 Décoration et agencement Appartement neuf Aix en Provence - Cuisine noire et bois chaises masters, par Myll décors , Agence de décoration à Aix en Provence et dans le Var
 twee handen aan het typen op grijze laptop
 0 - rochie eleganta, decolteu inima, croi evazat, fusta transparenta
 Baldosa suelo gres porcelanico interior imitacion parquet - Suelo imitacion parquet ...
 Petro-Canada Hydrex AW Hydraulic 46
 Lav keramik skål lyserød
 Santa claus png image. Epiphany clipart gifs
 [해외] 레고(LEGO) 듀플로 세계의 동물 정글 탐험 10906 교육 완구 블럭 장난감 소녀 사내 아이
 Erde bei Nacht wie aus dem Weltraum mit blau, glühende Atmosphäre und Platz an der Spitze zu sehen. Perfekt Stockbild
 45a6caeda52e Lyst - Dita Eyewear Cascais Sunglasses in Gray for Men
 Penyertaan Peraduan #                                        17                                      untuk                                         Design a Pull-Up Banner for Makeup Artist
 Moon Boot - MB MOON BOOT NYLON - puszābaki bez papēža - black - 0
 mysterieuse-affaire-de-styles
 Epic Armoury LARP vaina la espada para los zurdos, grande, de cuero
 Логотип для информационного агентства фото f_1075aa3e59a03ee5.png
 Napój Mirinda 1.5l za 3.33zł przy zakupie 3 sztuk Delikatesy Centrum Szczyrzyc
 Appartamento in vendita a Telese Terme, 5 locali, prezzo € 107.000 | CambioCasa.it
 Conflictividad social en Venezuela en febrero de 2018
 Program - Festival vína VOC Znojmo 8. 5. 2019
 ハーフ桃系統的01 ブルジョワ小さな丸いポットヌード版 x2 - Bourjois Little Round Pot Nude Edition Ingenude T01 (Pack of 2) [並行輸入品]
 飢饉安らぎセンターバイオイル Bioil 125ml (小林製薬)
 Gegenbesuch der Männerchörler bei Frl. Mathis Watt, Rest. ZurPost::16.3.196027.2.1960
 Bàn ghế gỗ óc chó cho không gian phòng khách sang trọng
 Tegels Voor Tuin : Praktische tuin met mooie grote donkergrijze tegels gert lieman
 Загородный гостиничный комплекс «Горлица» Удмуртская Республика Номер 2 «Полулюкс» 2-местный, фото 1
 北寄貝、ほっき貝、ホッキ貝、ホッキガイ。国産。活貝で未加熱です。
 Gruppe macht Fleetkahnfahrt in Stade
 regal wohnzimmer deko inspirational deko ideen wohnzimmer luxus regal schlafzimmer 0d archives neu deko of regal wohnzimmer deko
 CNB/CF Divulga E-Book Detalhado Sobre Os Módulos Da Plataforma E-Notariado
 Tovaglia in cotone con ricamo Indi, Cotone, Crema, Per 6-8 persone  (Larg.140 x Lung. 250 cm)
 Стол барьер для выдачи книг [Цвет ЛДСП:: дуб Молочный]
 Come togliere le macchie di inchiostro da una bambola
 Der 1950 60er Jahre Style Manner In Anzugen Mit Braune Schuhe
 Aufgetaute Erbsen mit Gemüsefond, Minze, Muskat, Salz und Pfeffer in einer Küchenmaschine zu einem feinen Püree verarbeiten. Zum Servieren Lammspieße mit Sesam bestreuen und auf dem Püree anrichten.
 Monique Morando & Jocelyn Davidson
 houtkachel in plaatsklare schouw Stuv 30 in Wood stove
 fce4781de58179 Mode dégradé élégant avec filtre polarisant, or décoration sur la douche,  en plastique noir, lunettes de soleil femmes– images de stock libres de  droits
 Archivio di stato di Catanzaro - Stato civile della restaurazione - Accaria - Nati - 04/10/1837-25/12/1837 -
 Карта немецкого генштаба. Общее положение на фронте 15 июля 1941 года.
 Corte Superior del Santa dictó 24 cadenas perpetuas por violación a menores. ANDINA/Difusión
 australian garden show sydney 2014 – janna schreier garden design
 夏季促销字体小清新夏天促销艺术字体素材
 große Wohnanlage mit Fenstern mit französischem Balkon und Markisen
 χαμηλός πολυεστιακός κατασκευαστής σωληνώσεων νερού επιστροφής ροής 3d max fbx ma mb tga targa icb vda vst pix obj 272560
....................
- _What is required_:
Start at the line containing "Come togliere le" and print each line exactly until the listing ends, keeping the final line too.

- _Answer section_:
 Come togliere le macchie di inchiostro da una bambola
 Der 1950 60er Jahre Style Manner In Anzugen Mit Braune Schuhe
 Aufgetaute Erbsen mit Gemüsefond, Minze, Muskat, Salz und Pfeffer in einer Küchenmaschine zu einem feinen Püree verarbeiten. Zum Servieren Lammspieße mit Sesam bestreuen und auf dem Püree anrichten.
 Monique Morando & Jocelyn Davidson
 houtkachel in plaatsklare schouw Stuv 30 in Wood stove
 fce4781de58179 Mode dégradé élégant avec filtre polarisant, or décoration sur la douche,  en plastique noir, lunettes de soleil femmes– images de stock libres de  droits
 Archivio di stato di Catanzaro - Stato civile della restaurazione - Accaria - Nati - 04/10/1837-25/12/1837 -
 Карта немецкого генштаба. Общее положение на фронте 15 июля 1941 года.
 Corte Superior del Santa dictó 24 cadenas perpetuas por violación a menores. ANDINA/Difusión
 australian garden show sydney 2014 – janna schreier garden design
 夏季促销字体小清新夏天促销艺术字体素材
 große Wohnanlage mit Fenstern mit französischem Balkon und Markisen
 χαμηλός πολυεστιακός κατασκευαστής σωληνώσεων νερού επιστροφής ροής 3d max fbx ma mb tga targa icb vda vst pix obj 272560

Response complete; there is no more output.